### [What is being asked]
The output must consist only of the lines from the one with "Image of BROOKLYN" through the end of the listing, restated exactly and free of pictures.

### [Material provided]
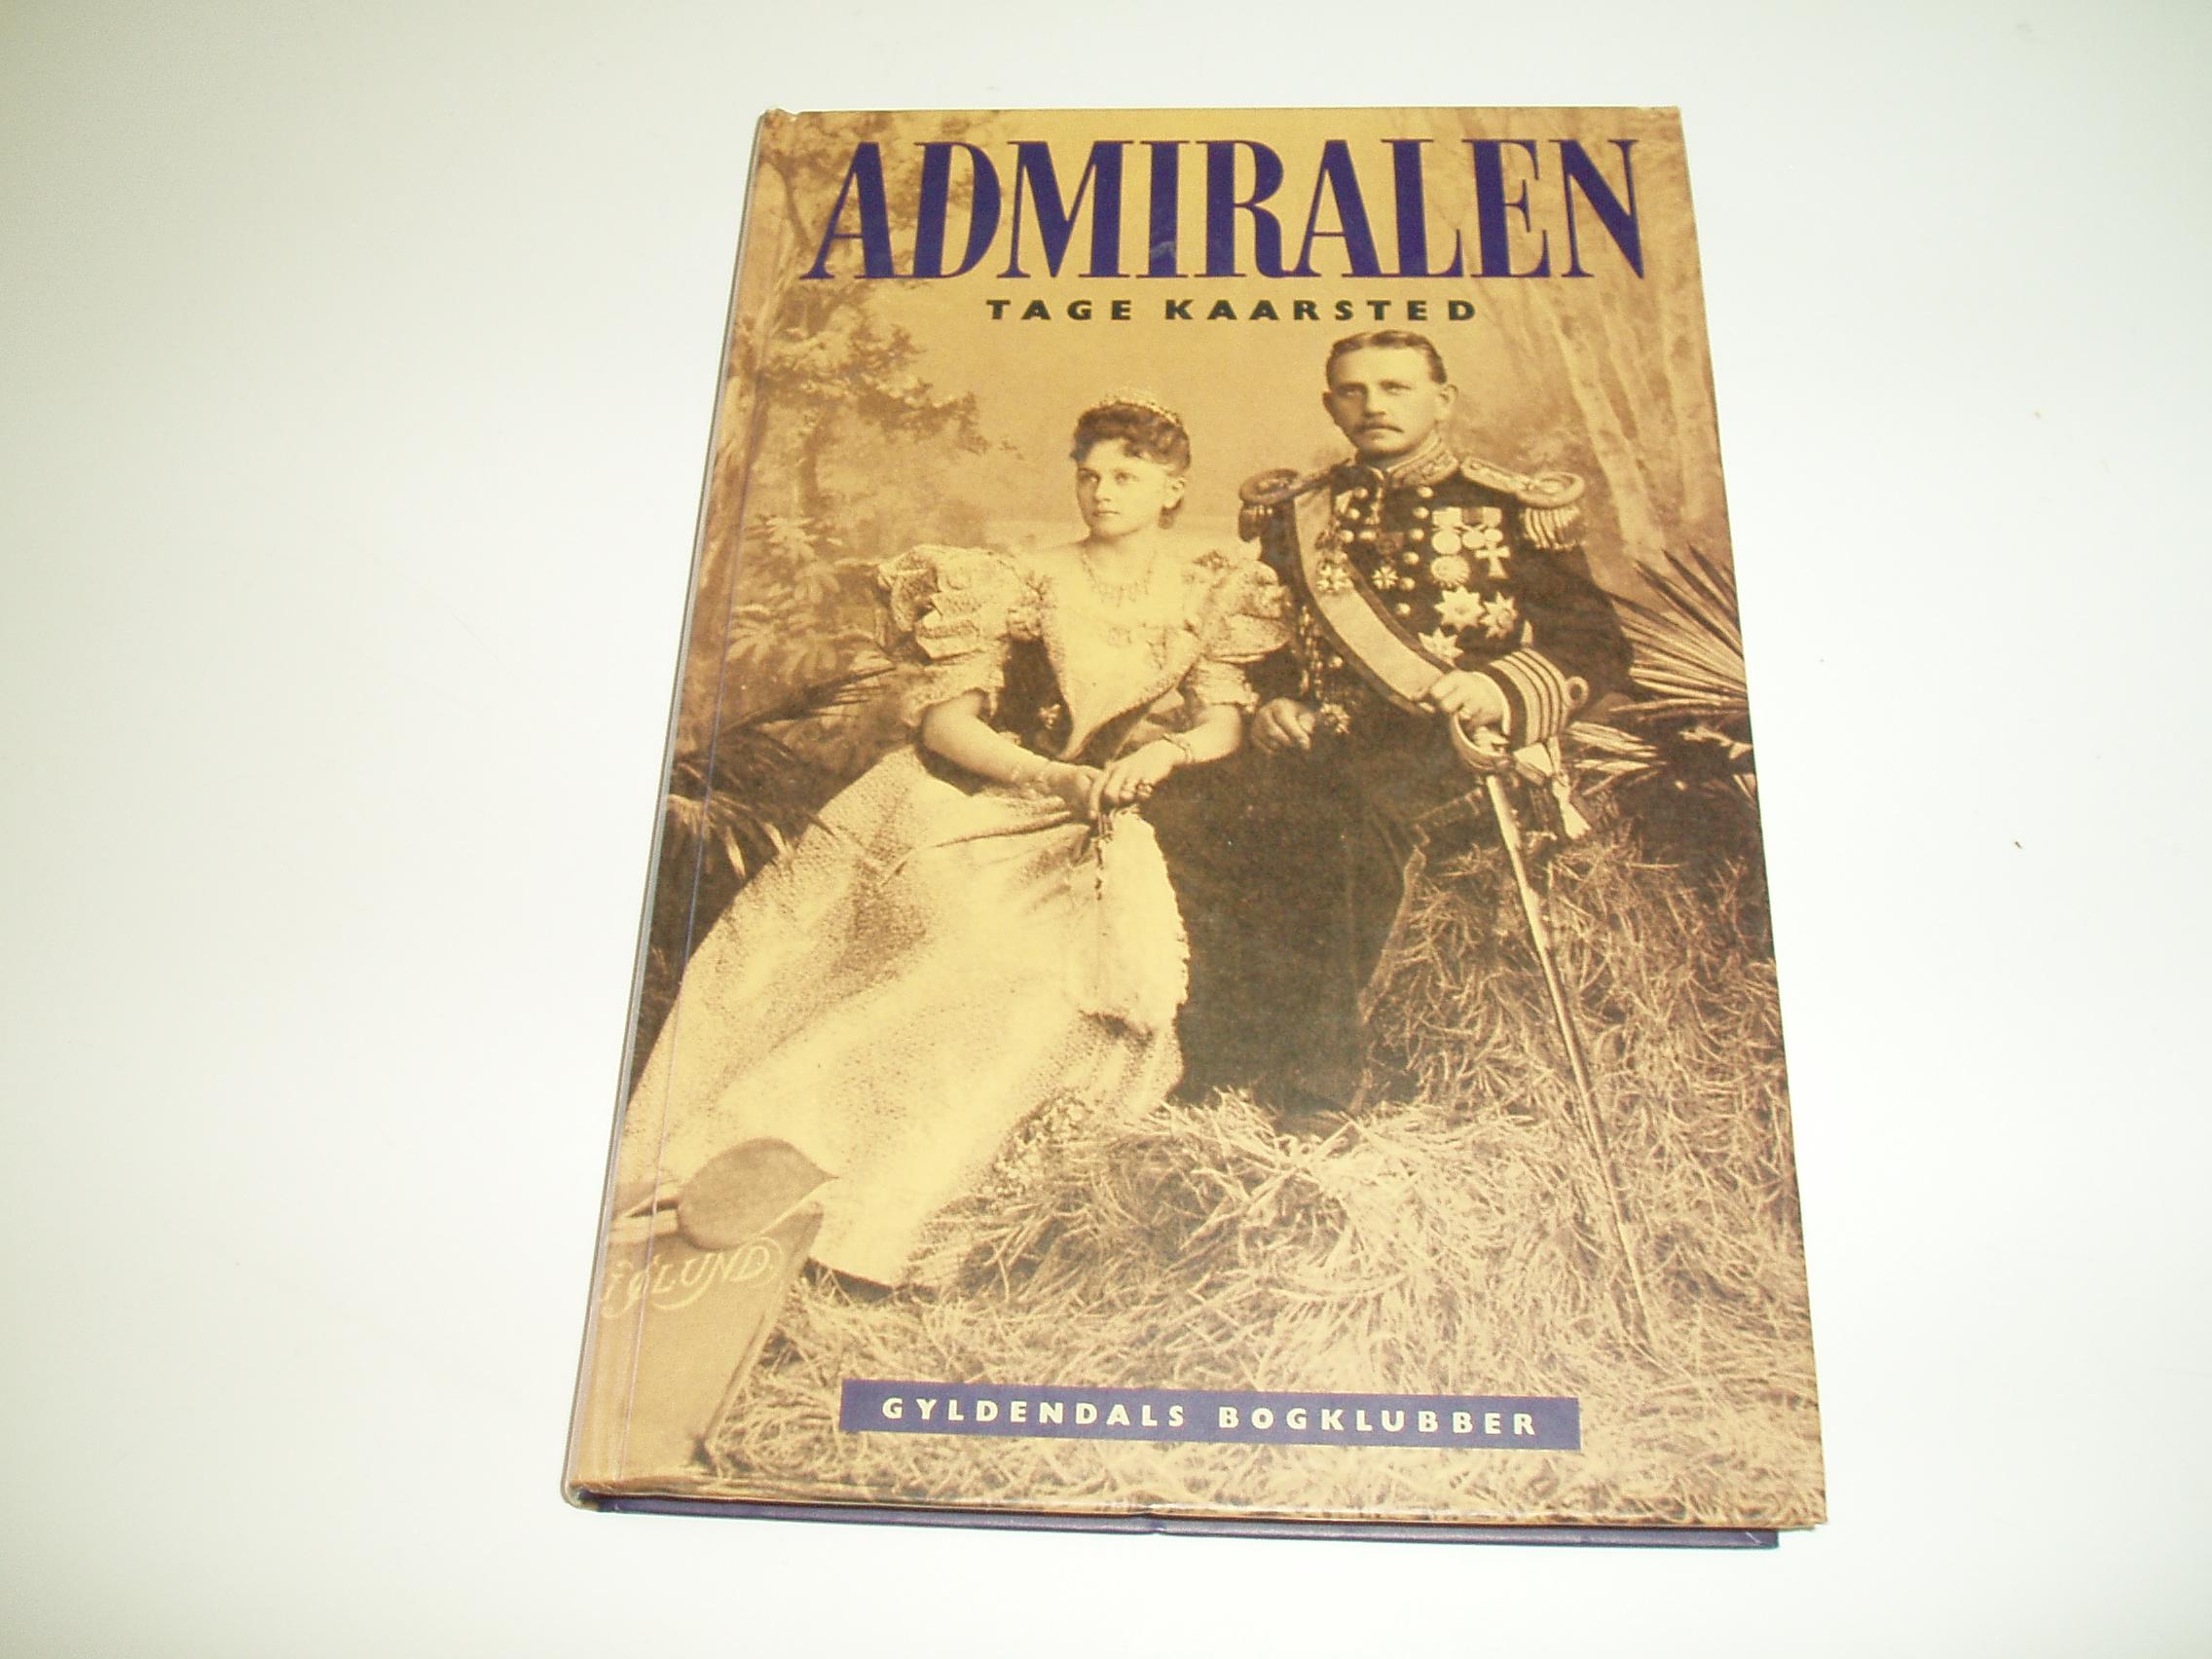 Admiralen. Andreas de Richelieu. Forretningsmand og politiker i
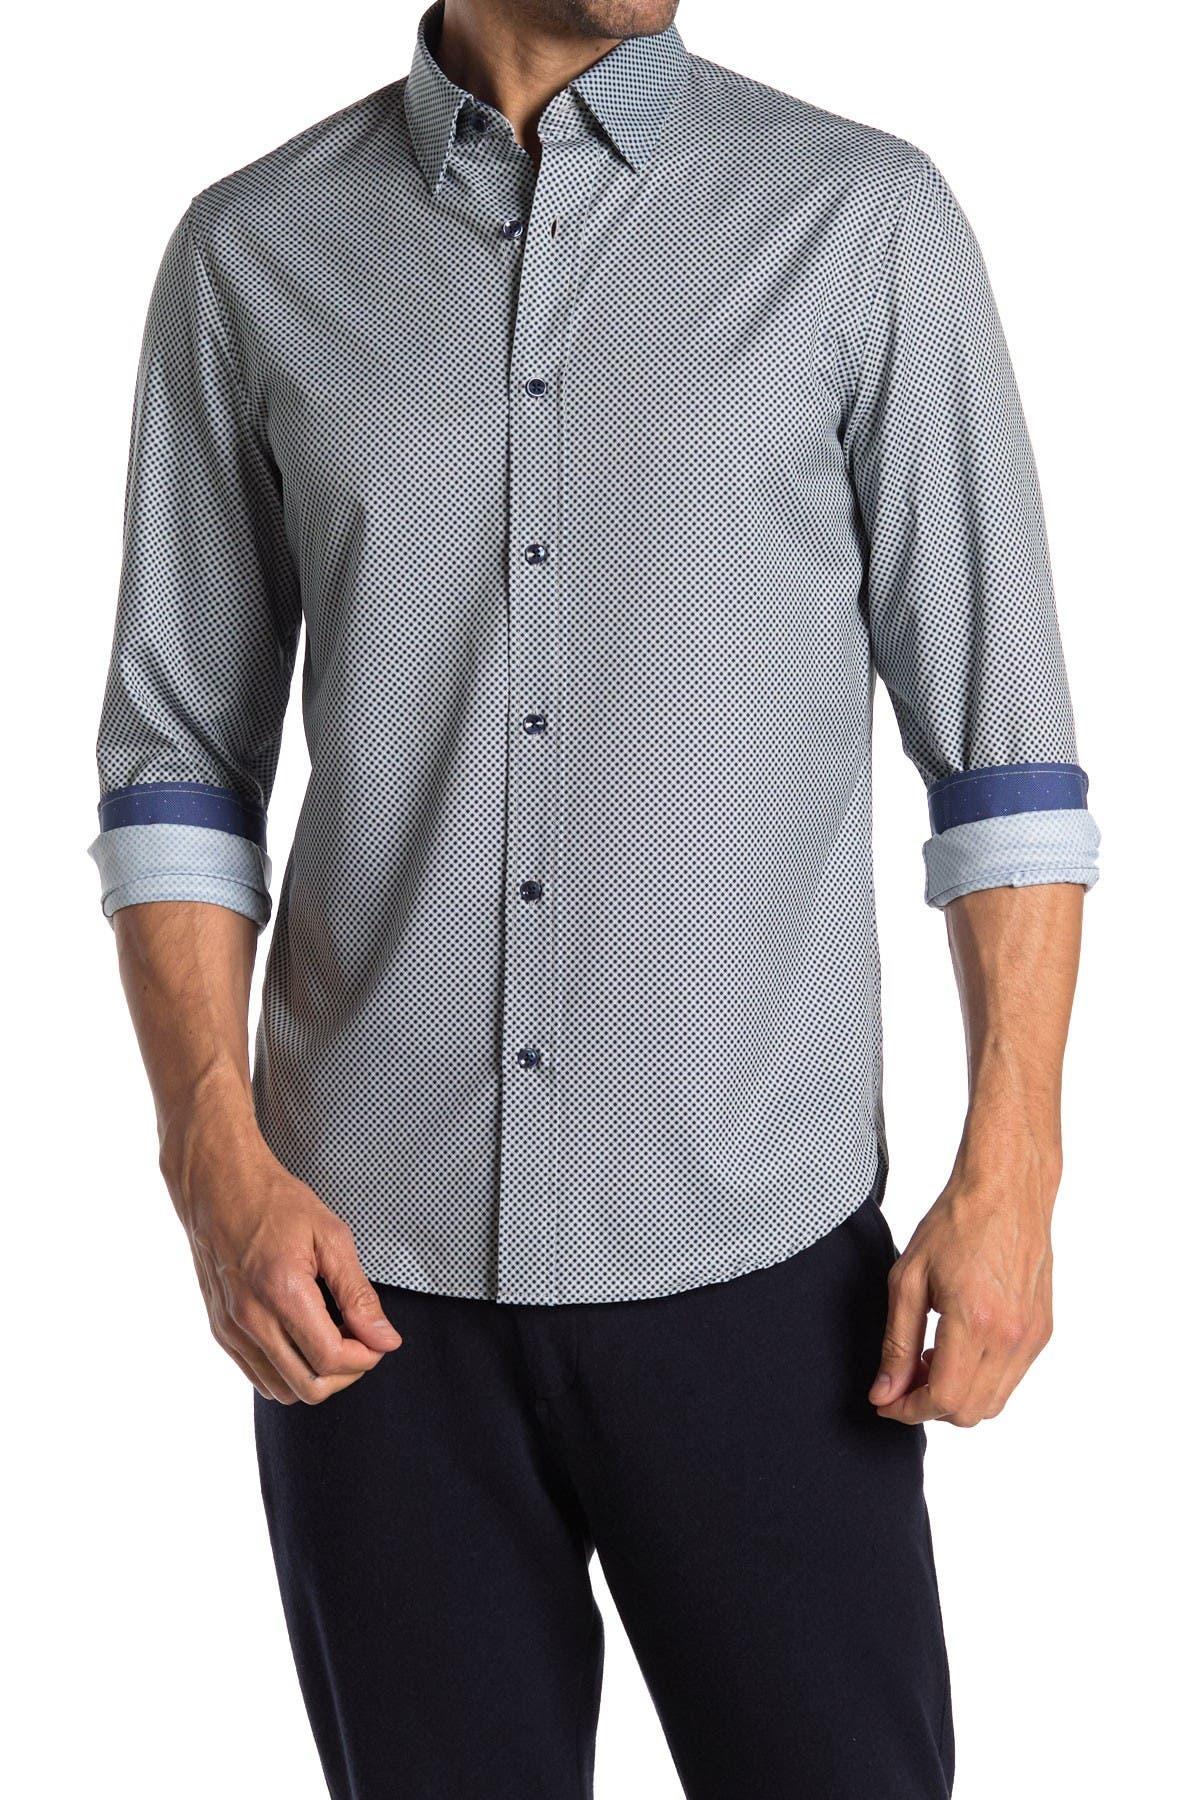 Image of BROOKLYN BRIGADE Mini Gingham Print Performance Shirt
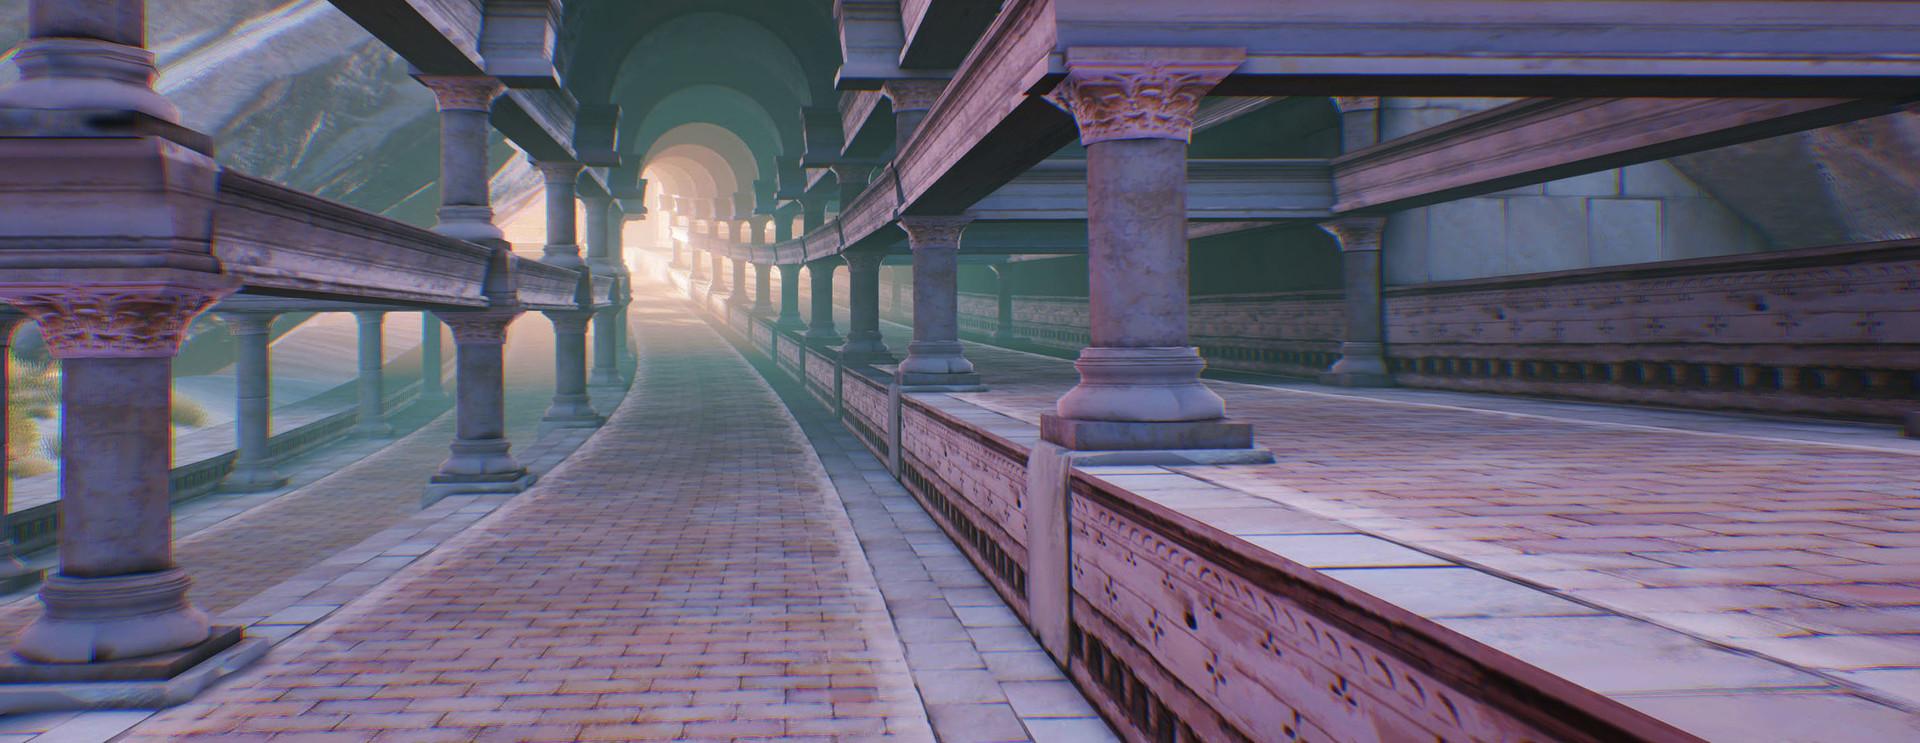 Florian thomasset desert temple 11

### [Exercise response]
 Image of BROOKLYN BRIGADE Mini Gingham Print Performance Shirt
 Florian thomasset desert temple 11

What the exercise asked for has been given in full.